Data shown =>

☆ ☆ ☆ ☆ ☆

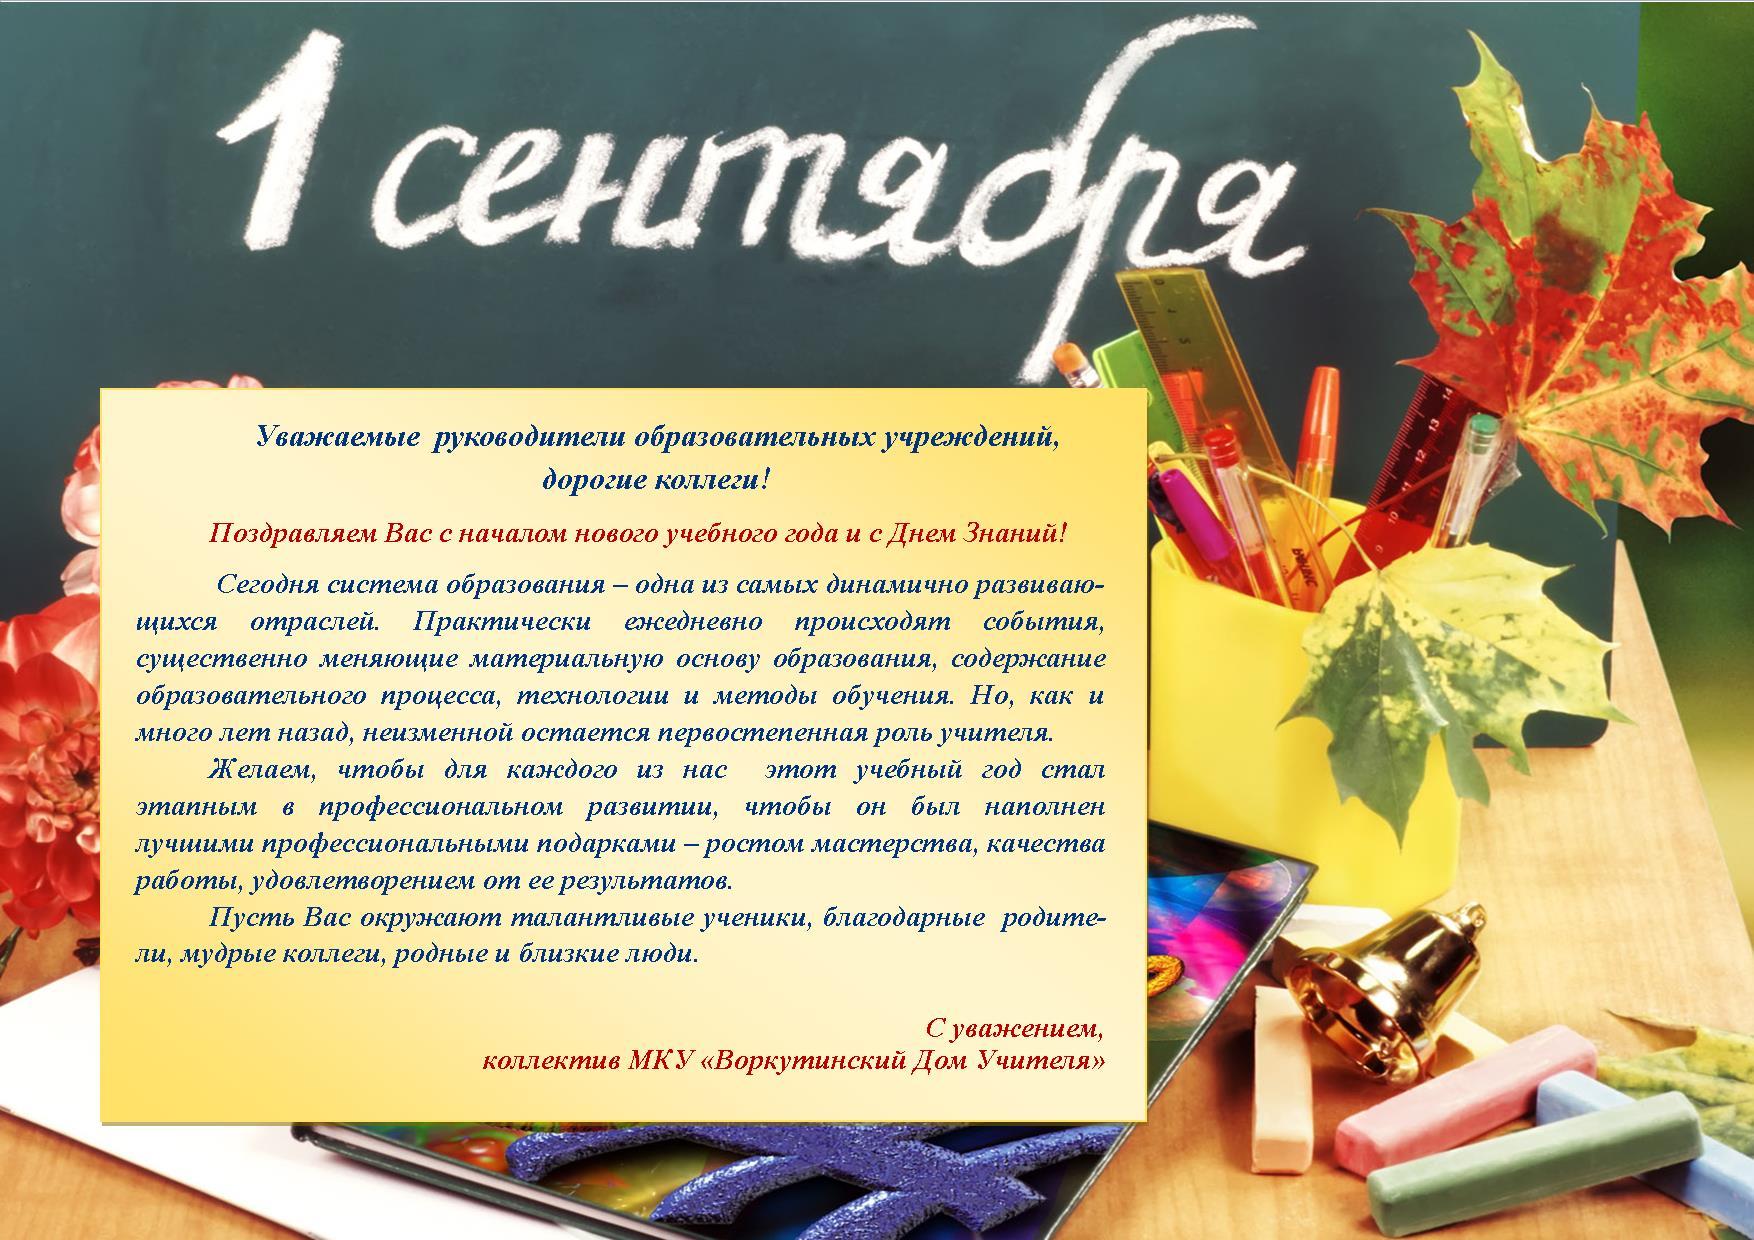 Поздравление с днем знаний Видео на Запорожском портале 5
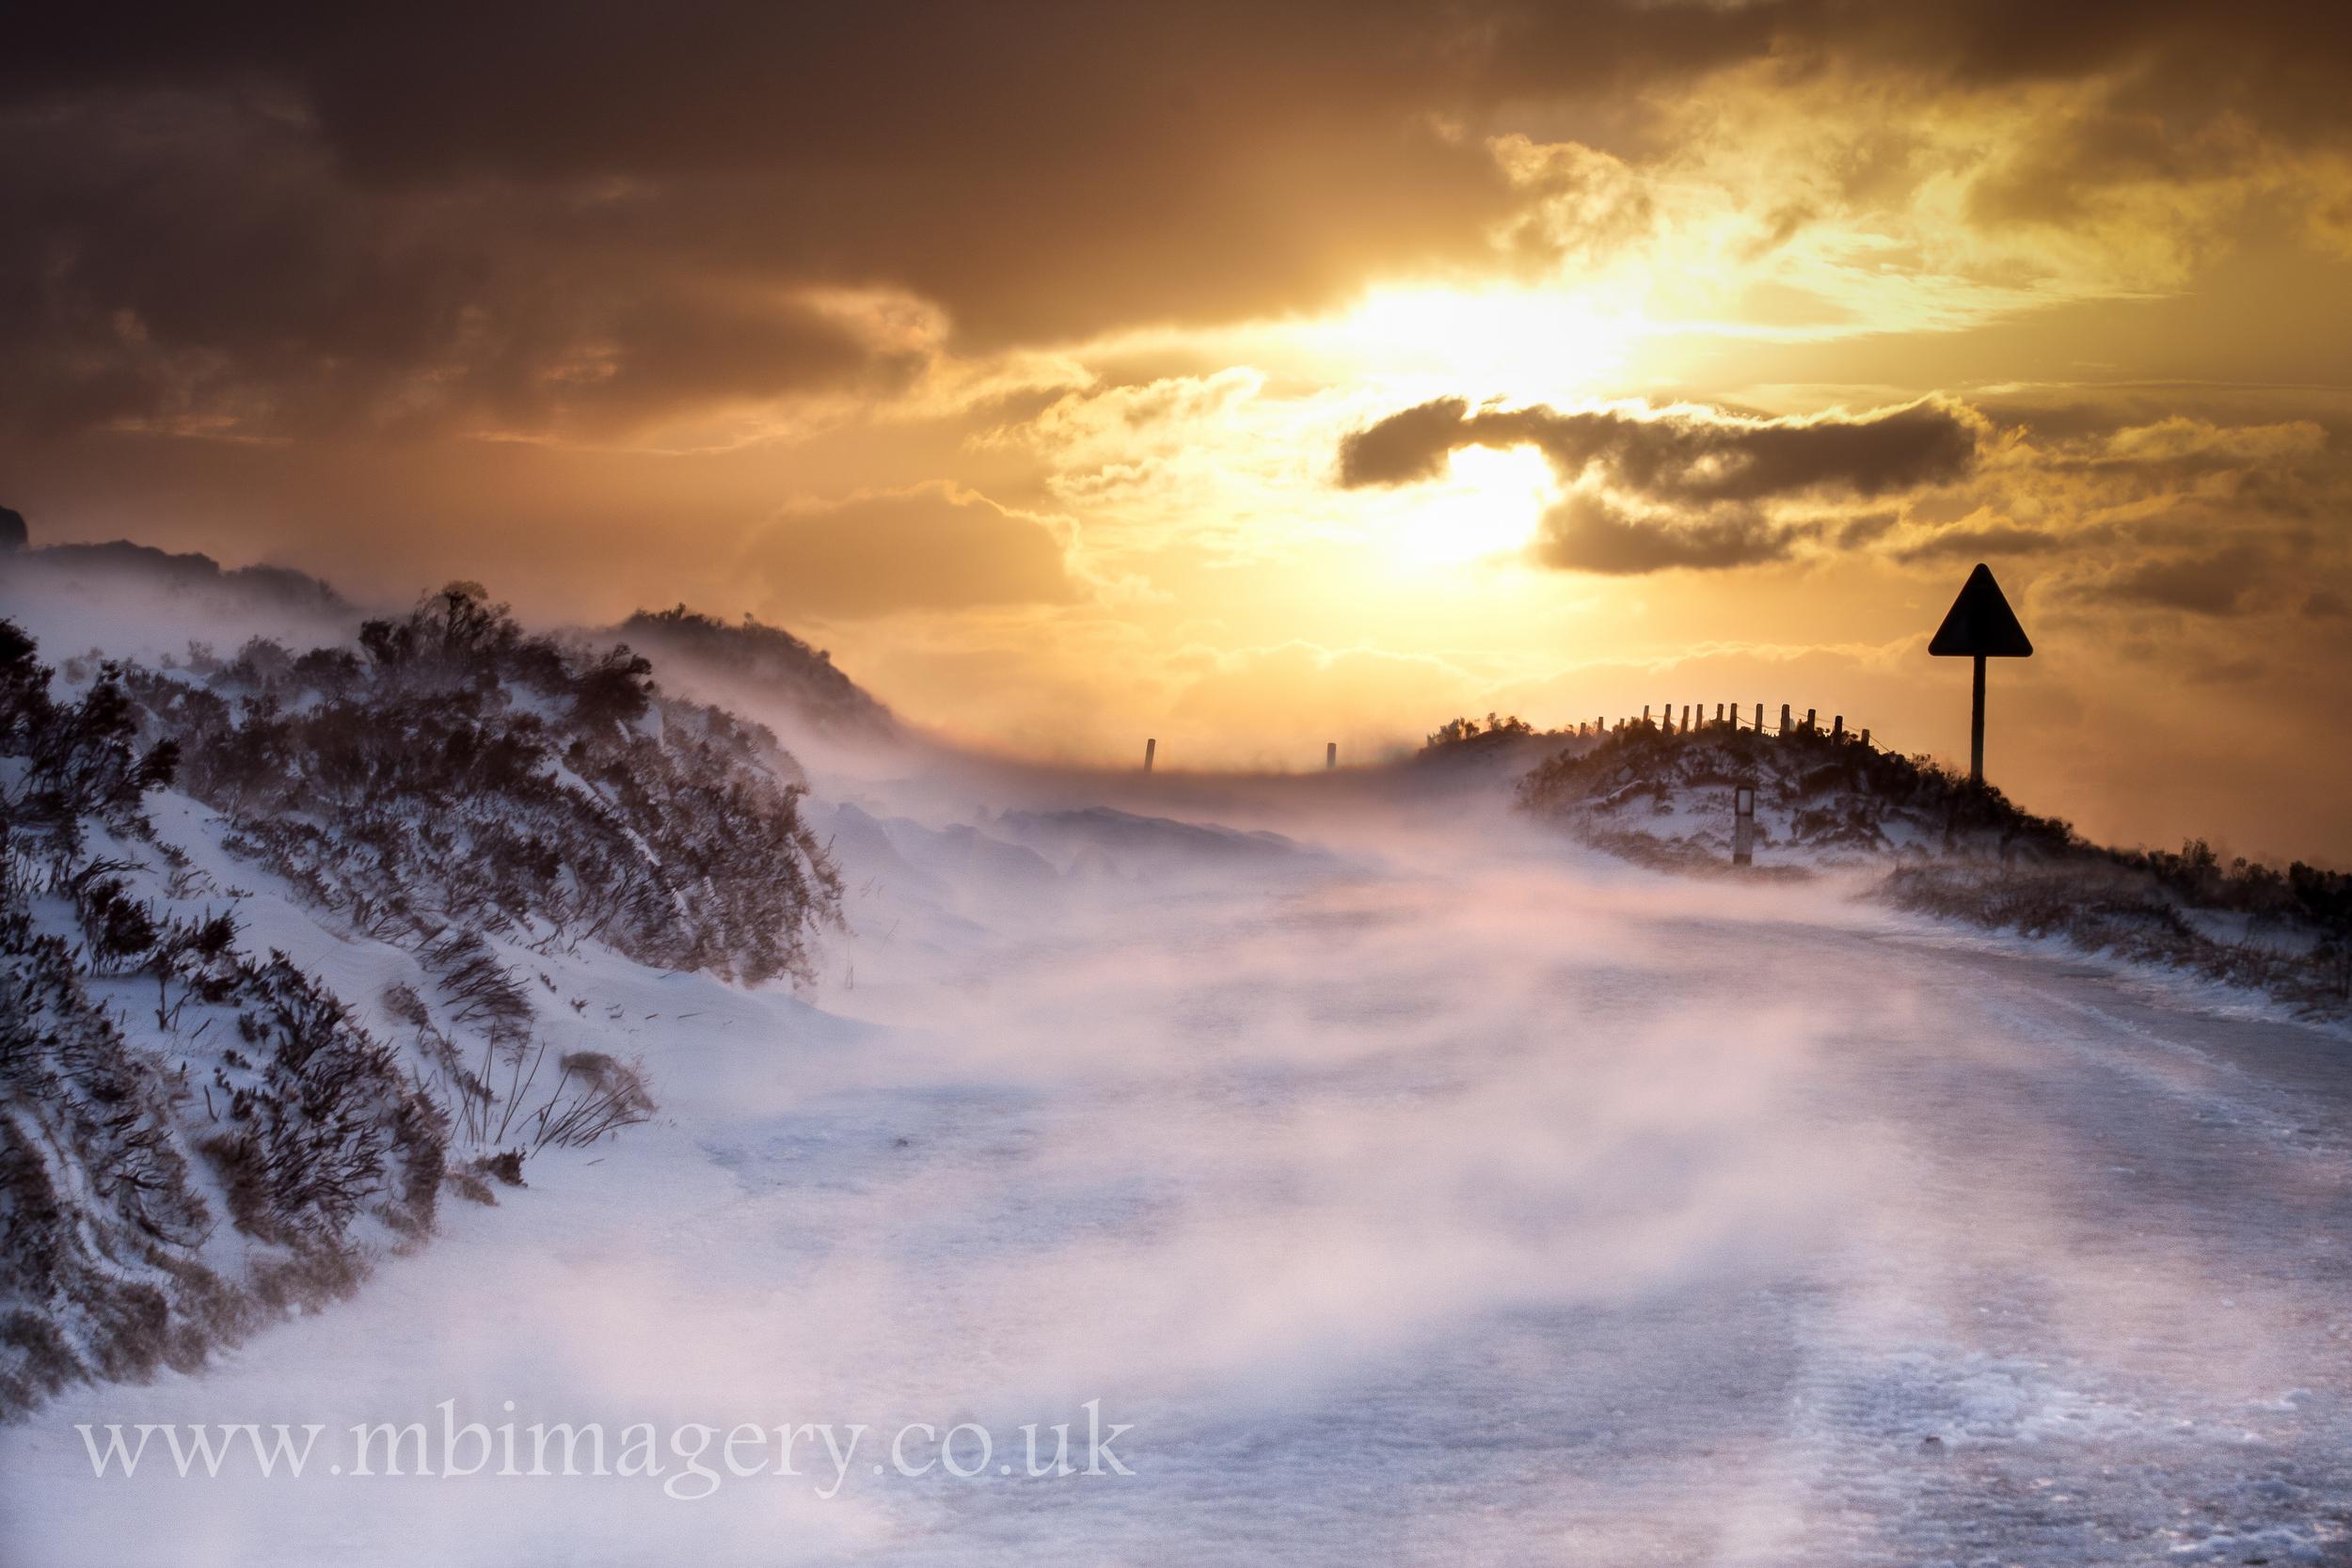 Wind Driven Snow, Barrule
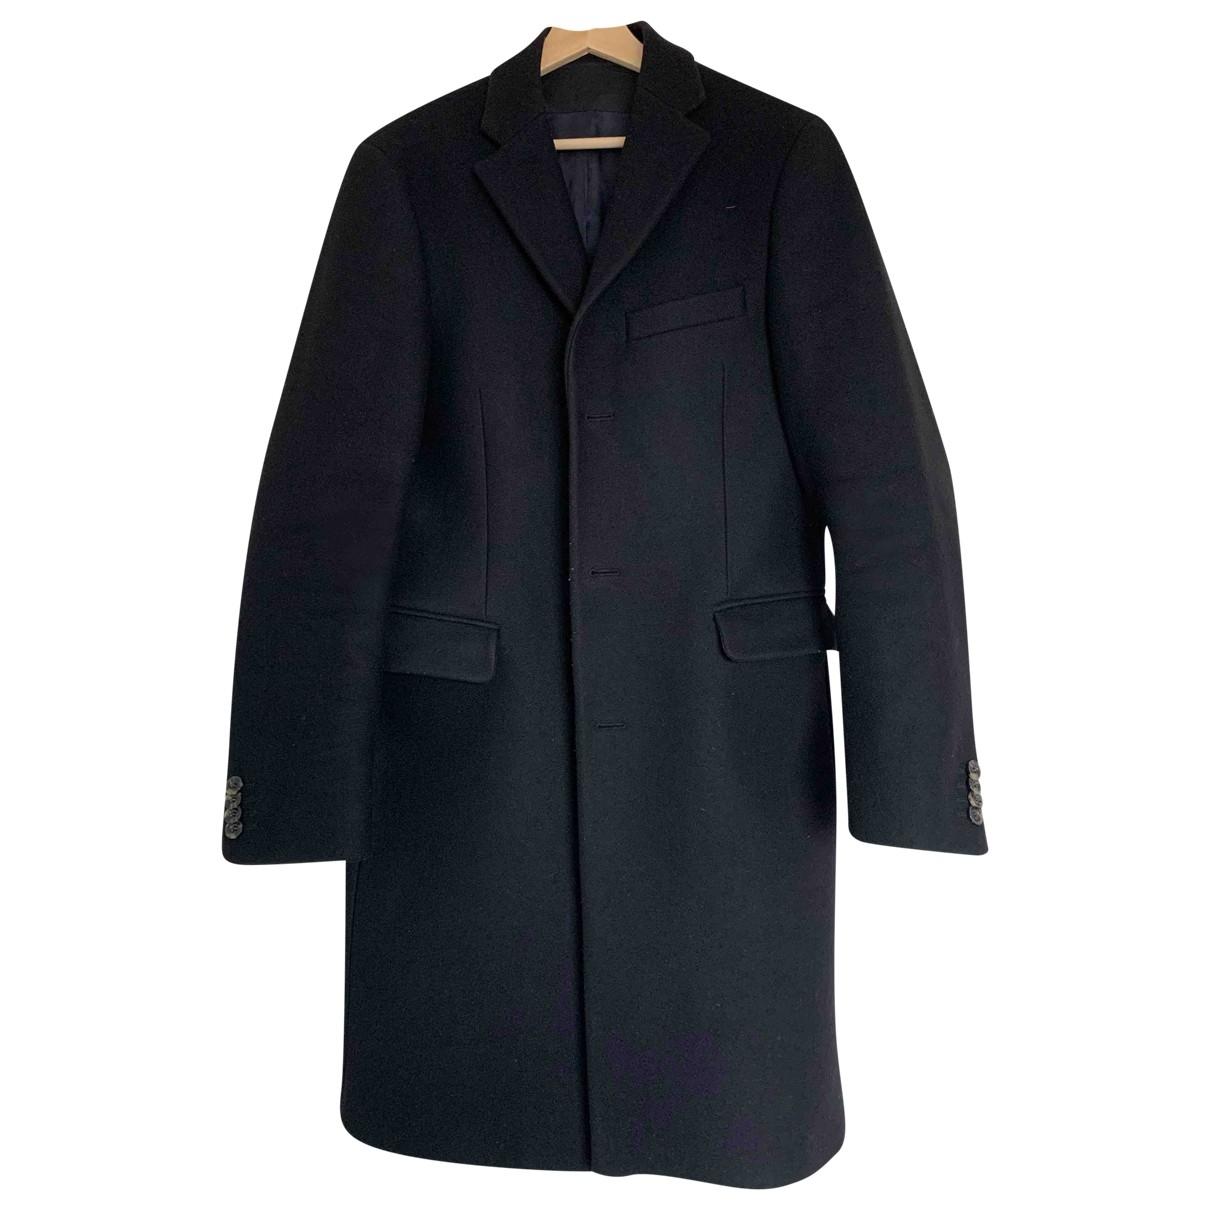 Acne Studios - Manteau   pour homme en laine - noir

☆ ☆ ☆ ☆ ☆

Task instructions => Begin at the line containing "Wind Driven Snow, Barrule" and copy every line through the end of the data above exactly, omitting the pictures.

Answer area =>
 Wind Driven Snow, Barrule
 Acne Studios - Manteau   pour homme en laine - noir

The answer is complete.